Just wondering cus I keep feeling like maybe I am cheating myself..But deep down I really dont get a ish about the price of my ring


----------



## girl_geek (Oct 9, 2006)

Engagement rings are a very personal thing -- you should get what makes you happy, and nothing else!

I didn't have much say in the matter since hubby surprised me by buying a ring before I could even drop any hints about what kind of ring I wanted! I did want a traditional diamond ring, but I would have preferred a smaller stone, like maybe around 1/2 carat. I thought anything bigger would look guady and flashy on my tiny fingers!

However, hubby ended up buying me a 1.3 carat ring




He told me that he thought all engagement rings were at least a carat! (Dang, he must have rich family and friends.... out of my immediate family and closest friends -- who all got engaged before me -- the biggest diamond is only 0.6 carats!) When we first got engaged, I did get very annoyed at the number of people who asked me how big it was, and how some people (even complete strangers) would ask me how much it cost!



Hello, none of your business!!!

But now that I'm married, people don't normally comment on my ring, so it doesn't really bother me anymore. (No one goes up to a married woman to admire her ring, just engaged women! lol) And while I was initially shocked at how big it looked on my finger, after wearing it every day for 3 years now, I don't normally even think about it!

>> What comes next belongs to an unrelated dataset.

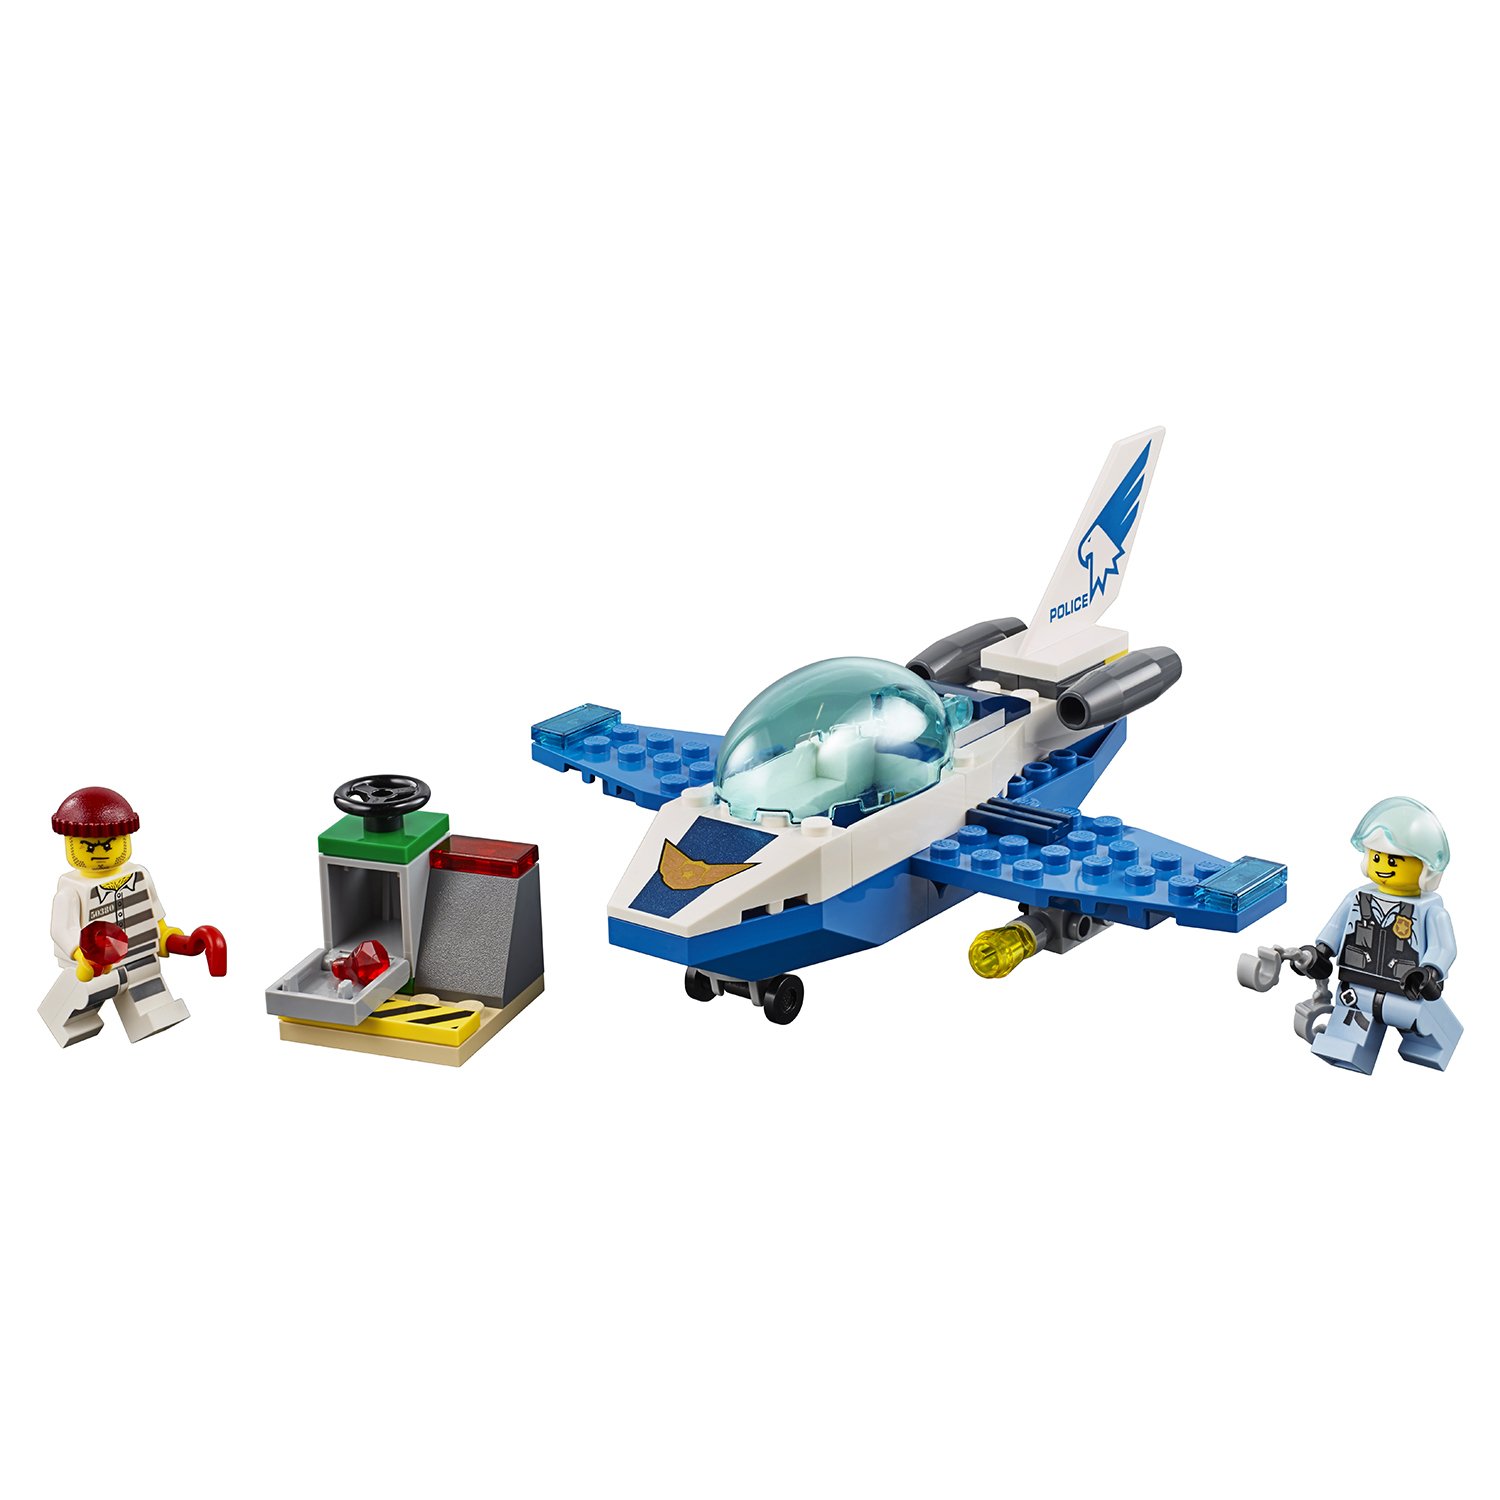 Lego City 60206 Воздушная полиция: Патрульный самолёт

So no, you're not weird for wanting a less expensive ring. I've even had friends who didn't want diamonds and opted for stones like saphires, and I think that's just fine too! The ring is only a symbol of your commitment, and what it looks like shouldn't matter, as long you like it!


----------



## Teresamachado (Oct 9, 2006)

I dunno, this is kind of hard. I will be wearing this ring everyday, I have to like it!

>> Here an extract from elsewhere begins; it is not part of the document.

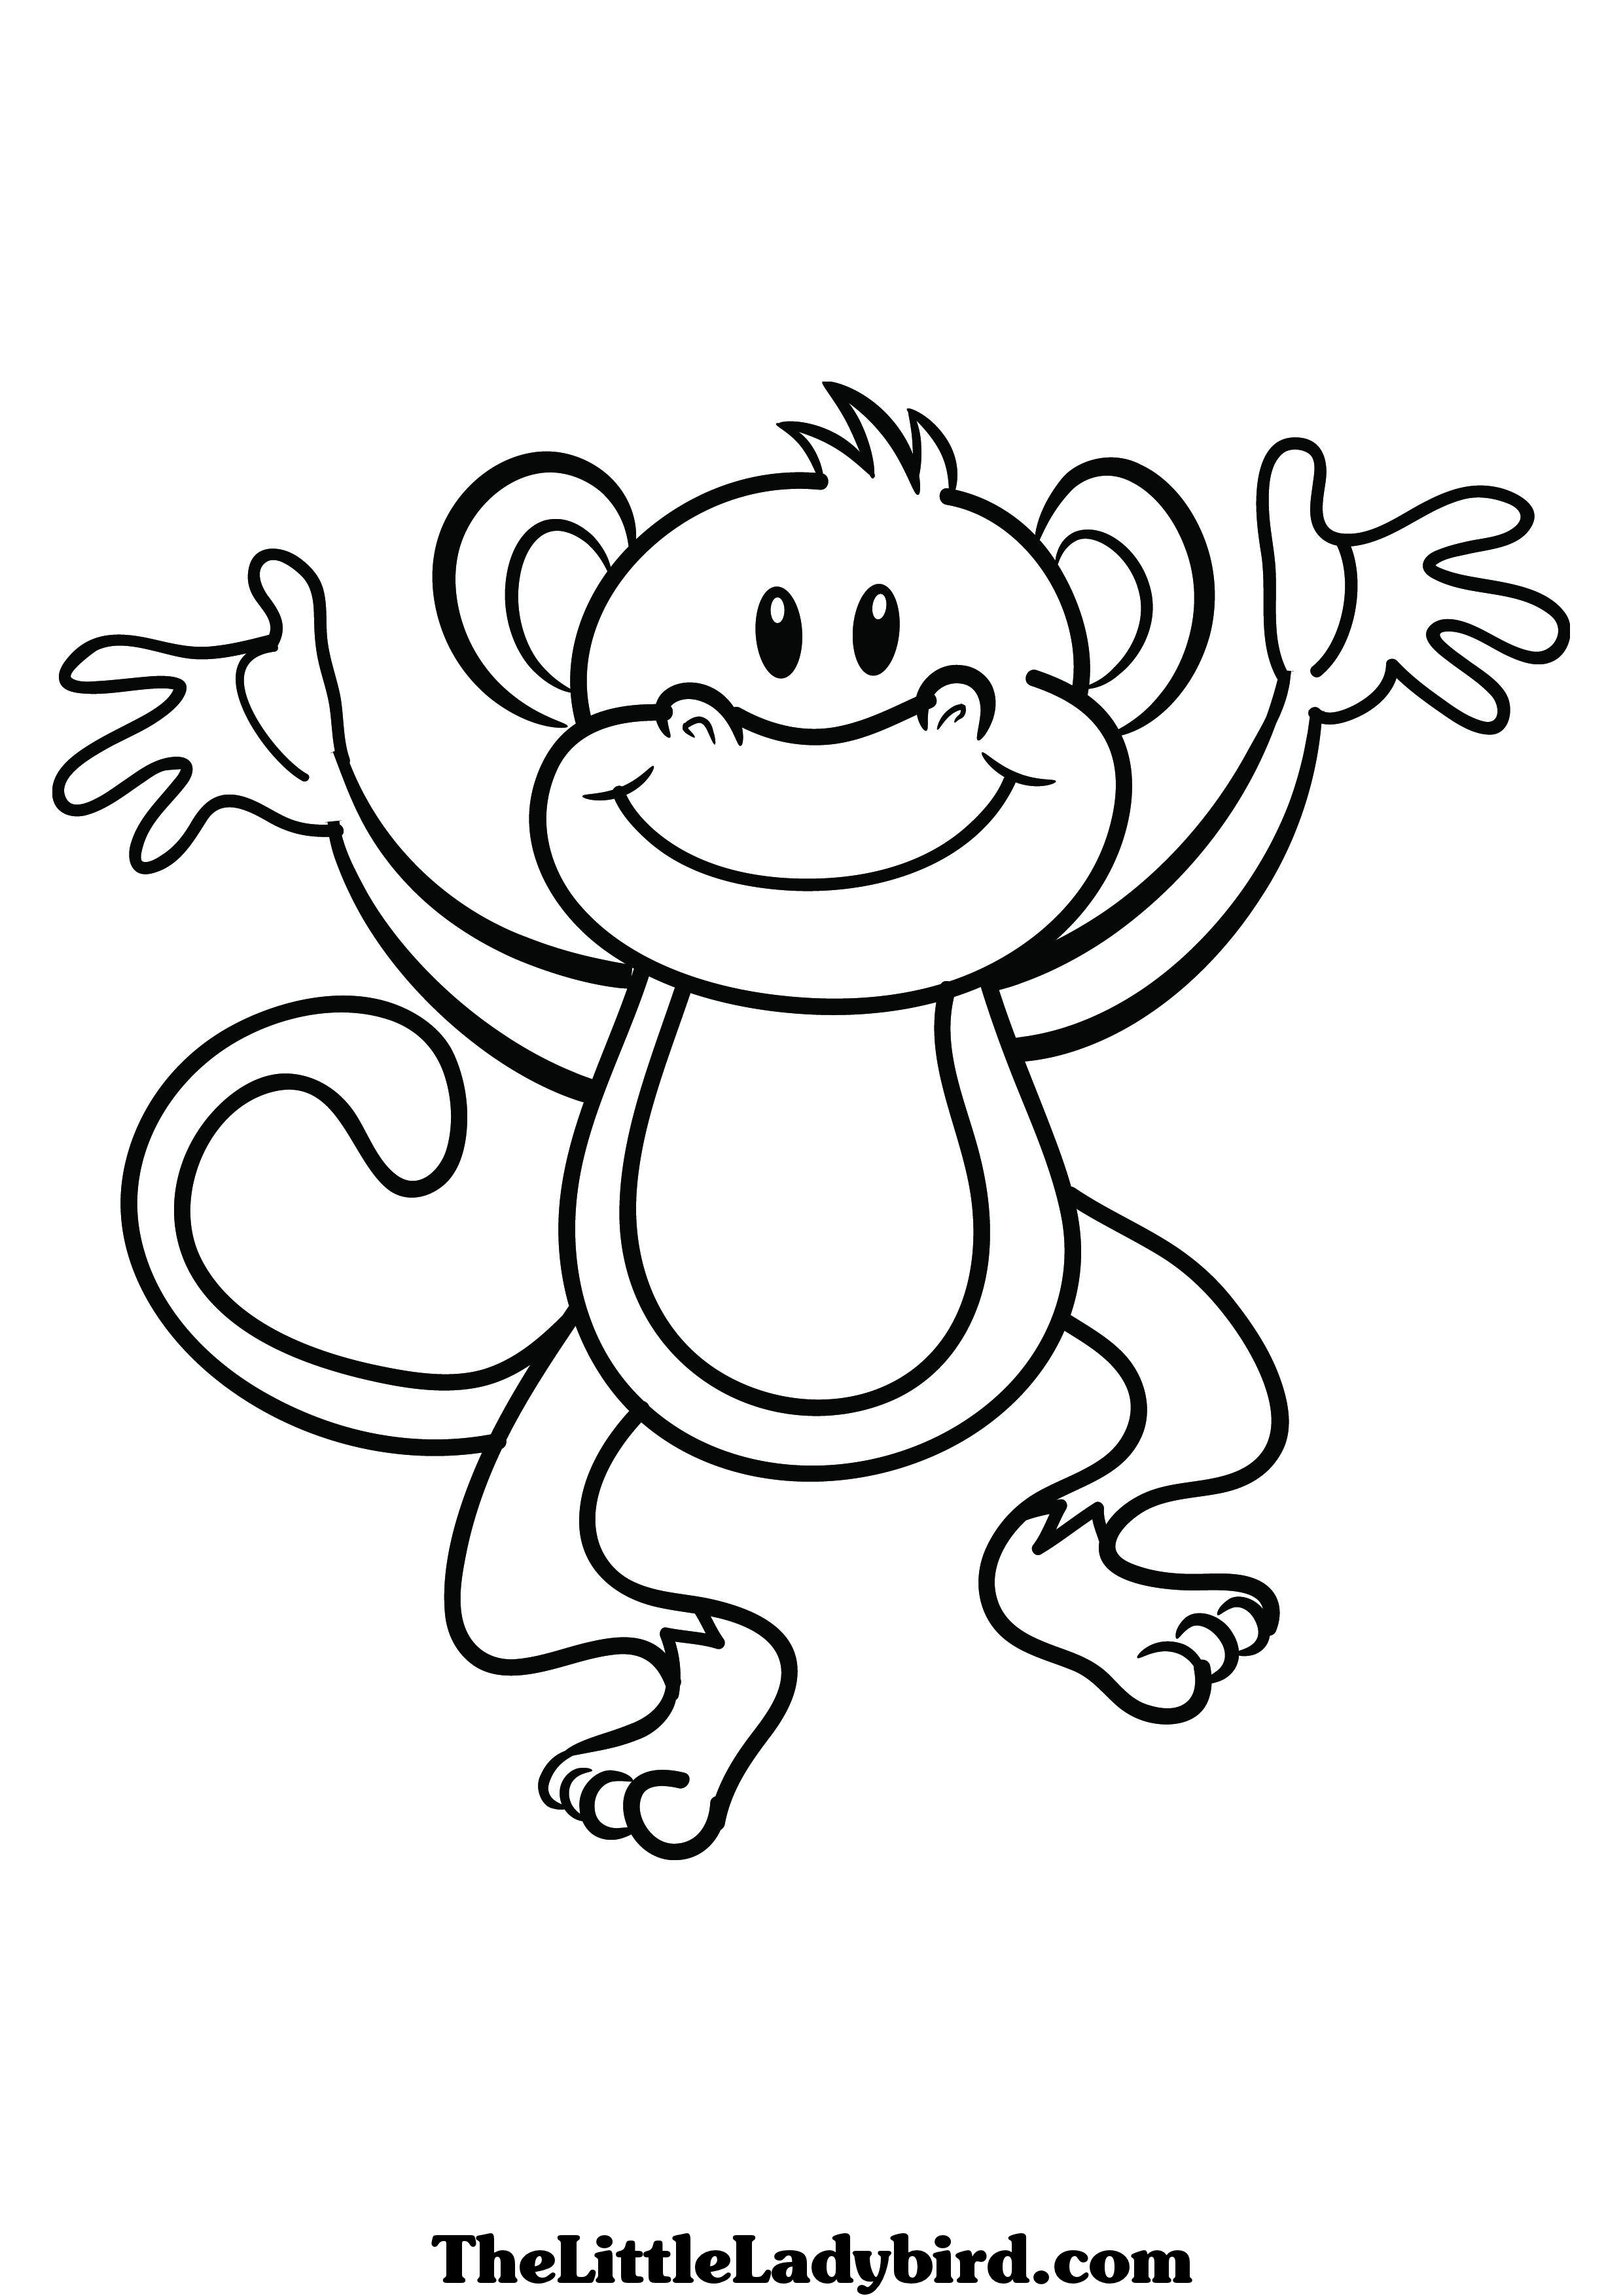 Desenhos para colorir com macacos - Desenhos para colorir

.... As long as you like it then that is all the matters.


----------



## mandy_ (Oct 9, 2006)

I honestly don't want anything big and gaudy. Something smaller and dainty will work just fine. My boyfriend knows the kind of jewlery I like, and so far everything he's bought me is perfect!


----------



## Jennifer (Oct 9, 2006)

how sweet!





i always say i don't care, but i do. i think it's because i don't plan on having a wedding. i wanna elope and that's it, so since there's no money going towards a traditional wedding, put it towards the ring





kinda off topic, sorry, but one day, me and aquilah went to an outlet and we stopped in a jewelry store. i was looking at engagment rings for the hell of it and there was one that retailed $16,000 for $3,000!!!!!!!!


----------



## dentaldee (Oct 9, 2006)

i don't think price matters, but i also don't think you'd be happy forever with something tiny.......i believe liking the the style of the ring is most important......and all that sentiment crap too!!

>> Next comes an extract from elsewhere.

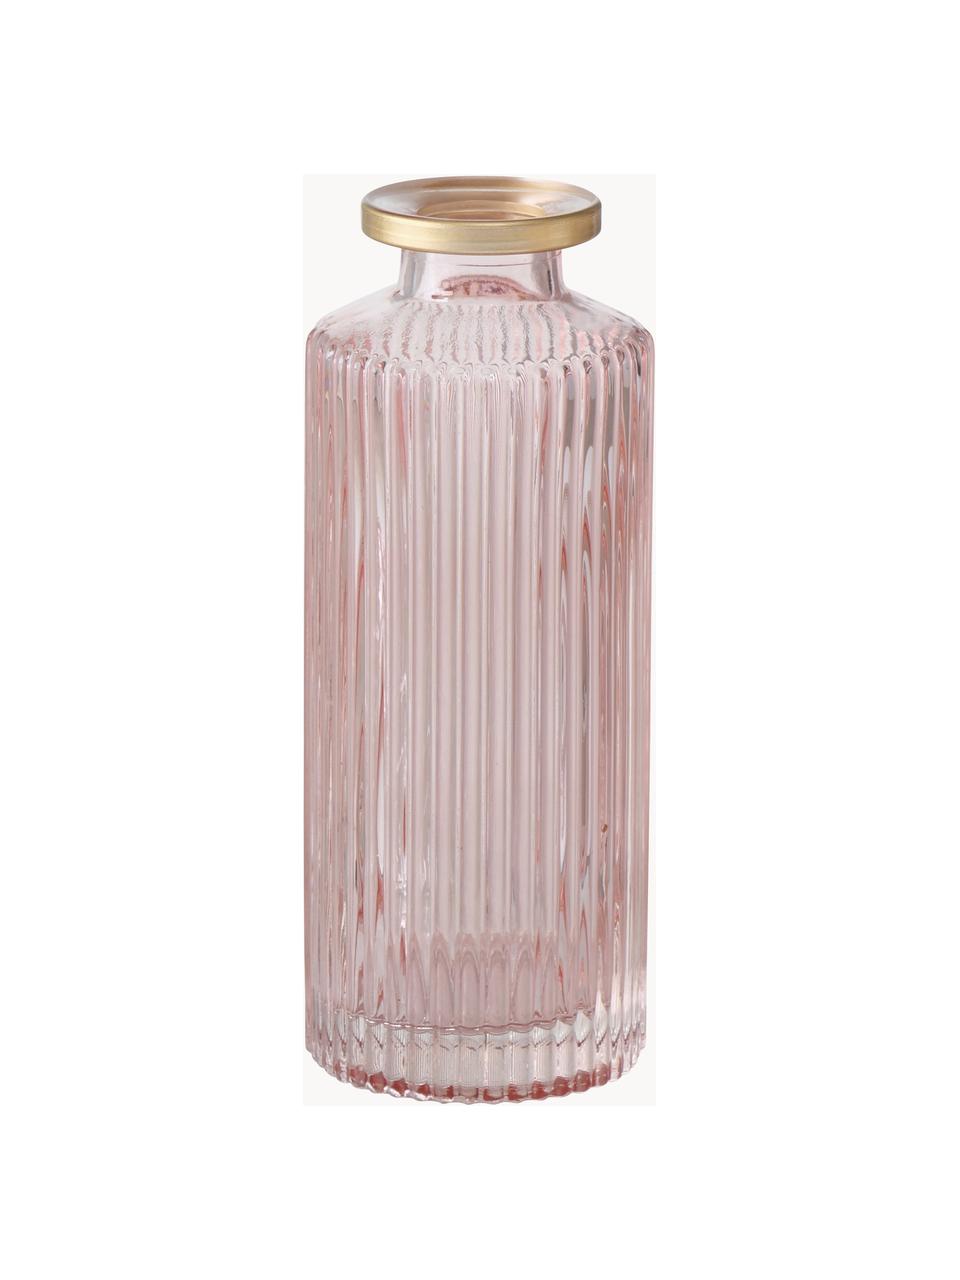 Petits vases en verre Adore, 3 élém., Verre, coloré, Rose pâle, transparent, argenté, Ø 5 x haut. 13 cm

my man wants to get me a full carat ring and I only want a 0.70 because i have tiny hands and a full carat looks ridiculous on me..........so go with what makes you happy!!!


----------



## angel_eyes4evah (Oct 9, 2006)

I also saw it doesnt matter, its the thought that counts. My father is a goldsmith so I'm used ot high/perfect quality so I'd want something nice...but I could live w/ a .25 cent ring, lol

Originally Posted by *Jennifer* /img/forum/go_quote.gif how sweet!




i always say i don't care, but i do. i think it's because i don't plan on having a wedding. i wanna elope and that's it, so since there's no money going towards a traditional wedding, put it towards the ring





kinda off topic, sorry, but one day, me and aquilah went to an outlet and we stopped in a jewelry store. i was looking at engagment rings for the hell of it and there was one that retailed $16,000 for $3,000!!!!!!!!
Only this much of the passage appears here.